— Task directions —
Below is a block of entries; repeat exactly the lines starting at the line that contains "Epcot Candlelight Processional" and ending at the line that contains "Black friday black", both included.

Extracted records Block Start

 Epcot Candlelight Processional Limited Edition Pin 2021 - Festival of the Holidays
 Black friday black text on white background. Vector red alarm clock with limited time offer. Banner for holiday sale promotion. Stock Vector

Extracted records Block End
Extracted records Block Start

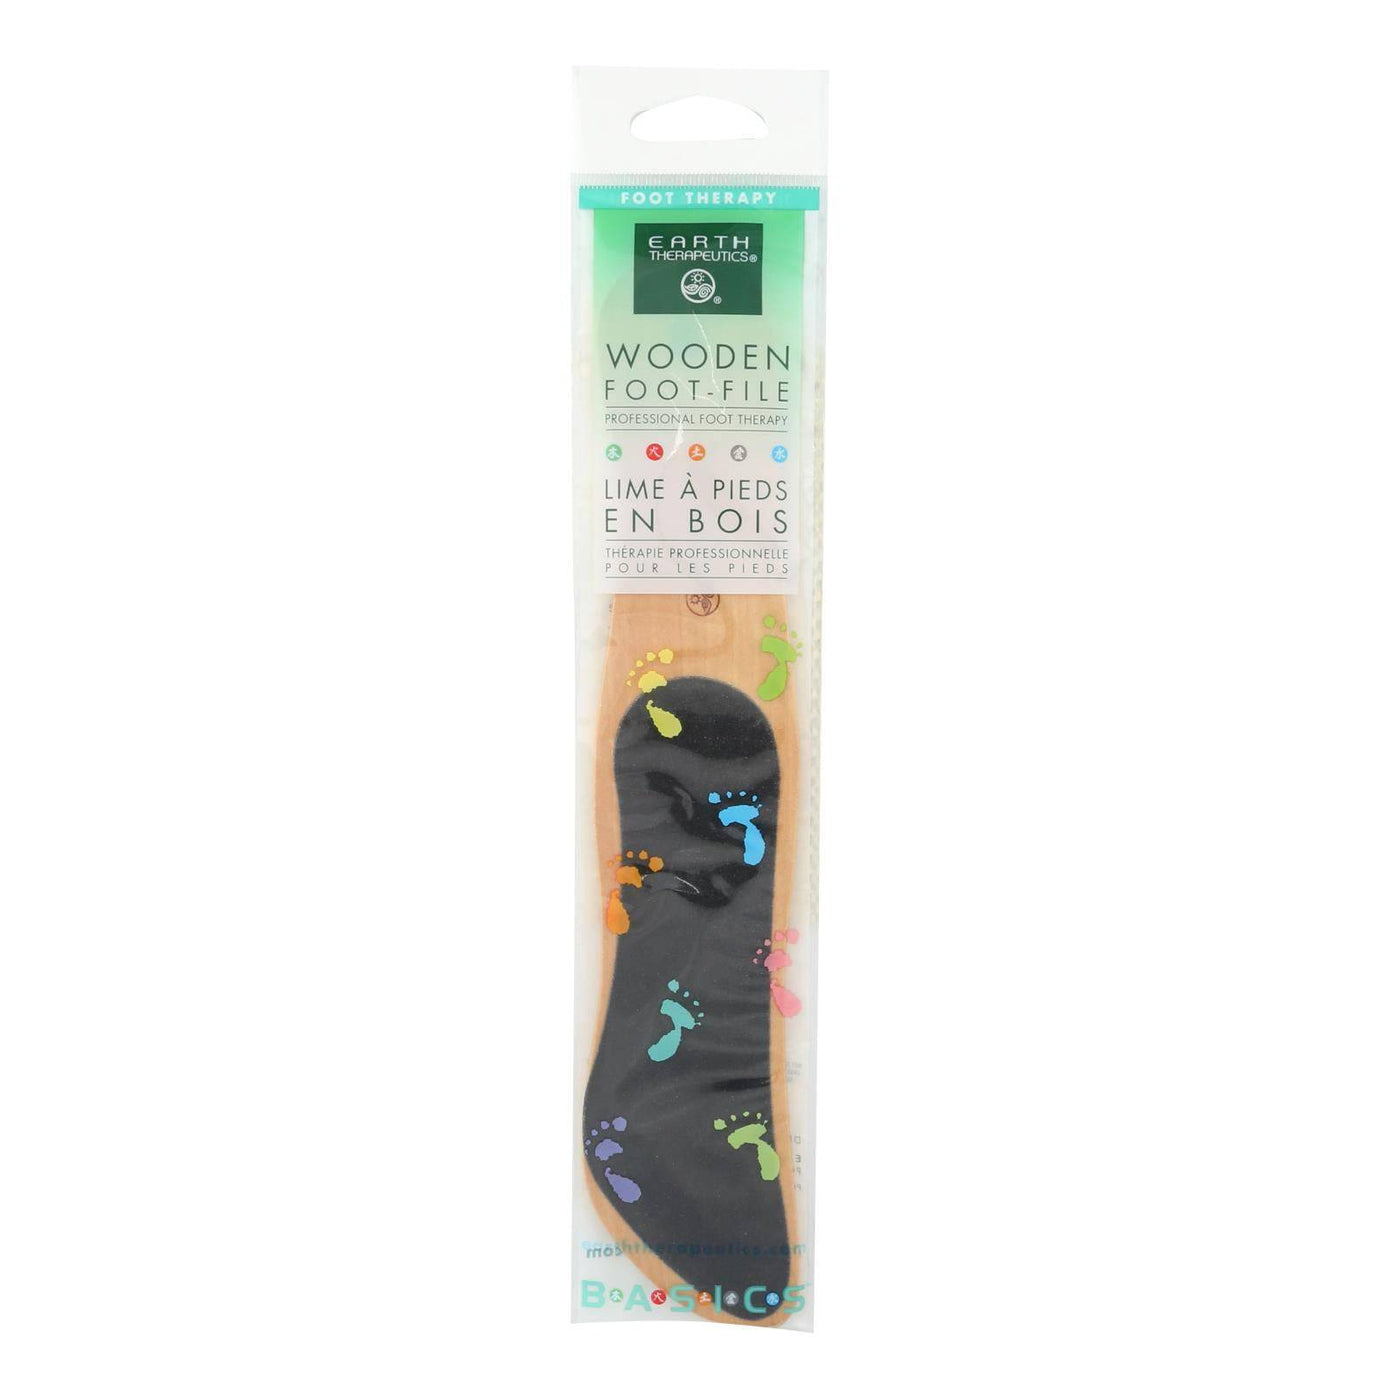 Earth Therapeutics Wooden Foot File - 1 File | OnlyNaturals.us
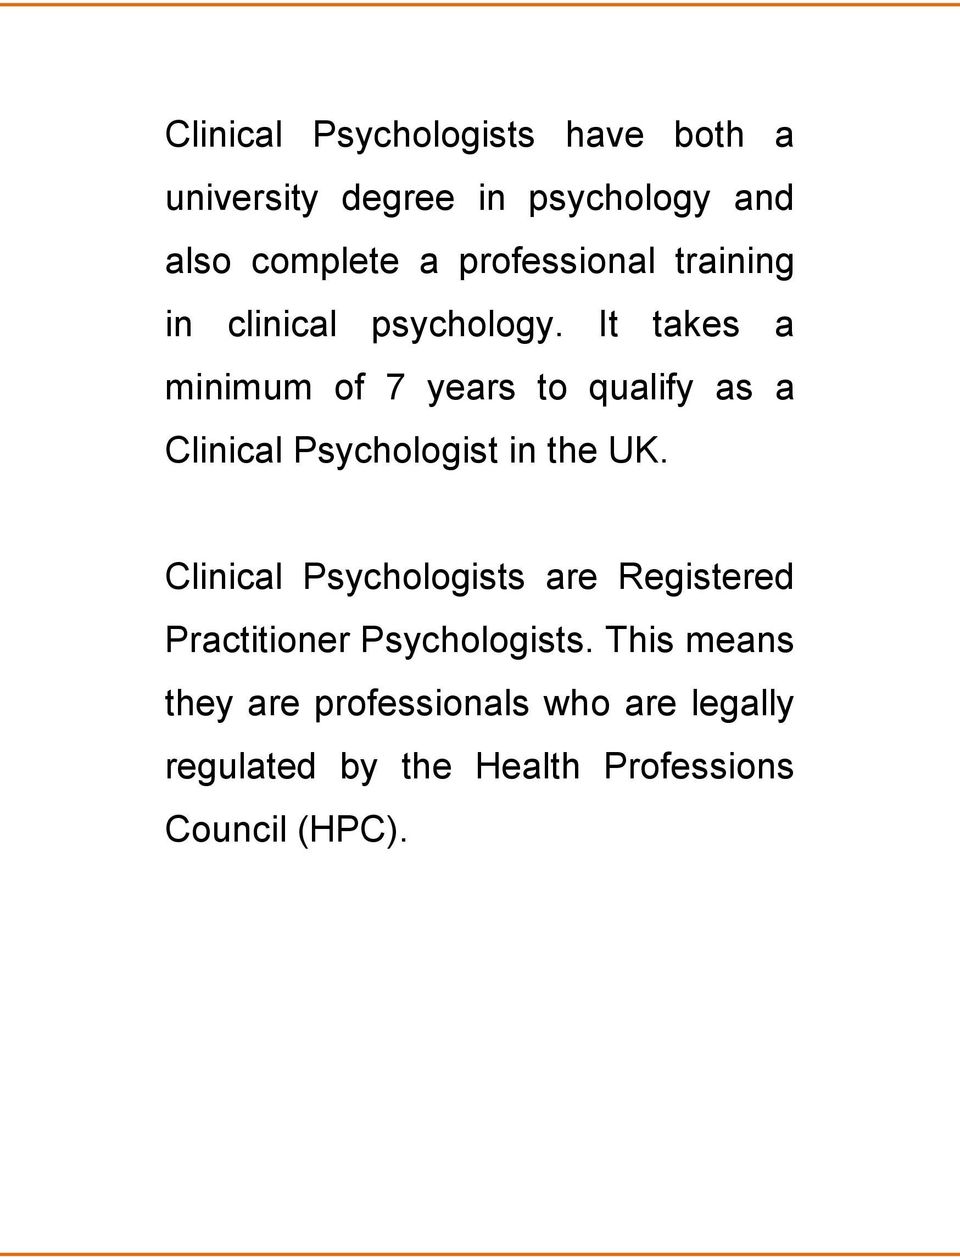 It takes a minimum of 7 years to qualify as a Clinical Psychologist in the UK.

Extracted records Block End

— Exercise solution —
 Epcot Candlelight Processional Limited Edition Pin 2021 - Festival of the Holidays
 Black friday black text on white background. Vector red alarm clock with limited time offer. Banner for holiday sale promotion. Stock Vector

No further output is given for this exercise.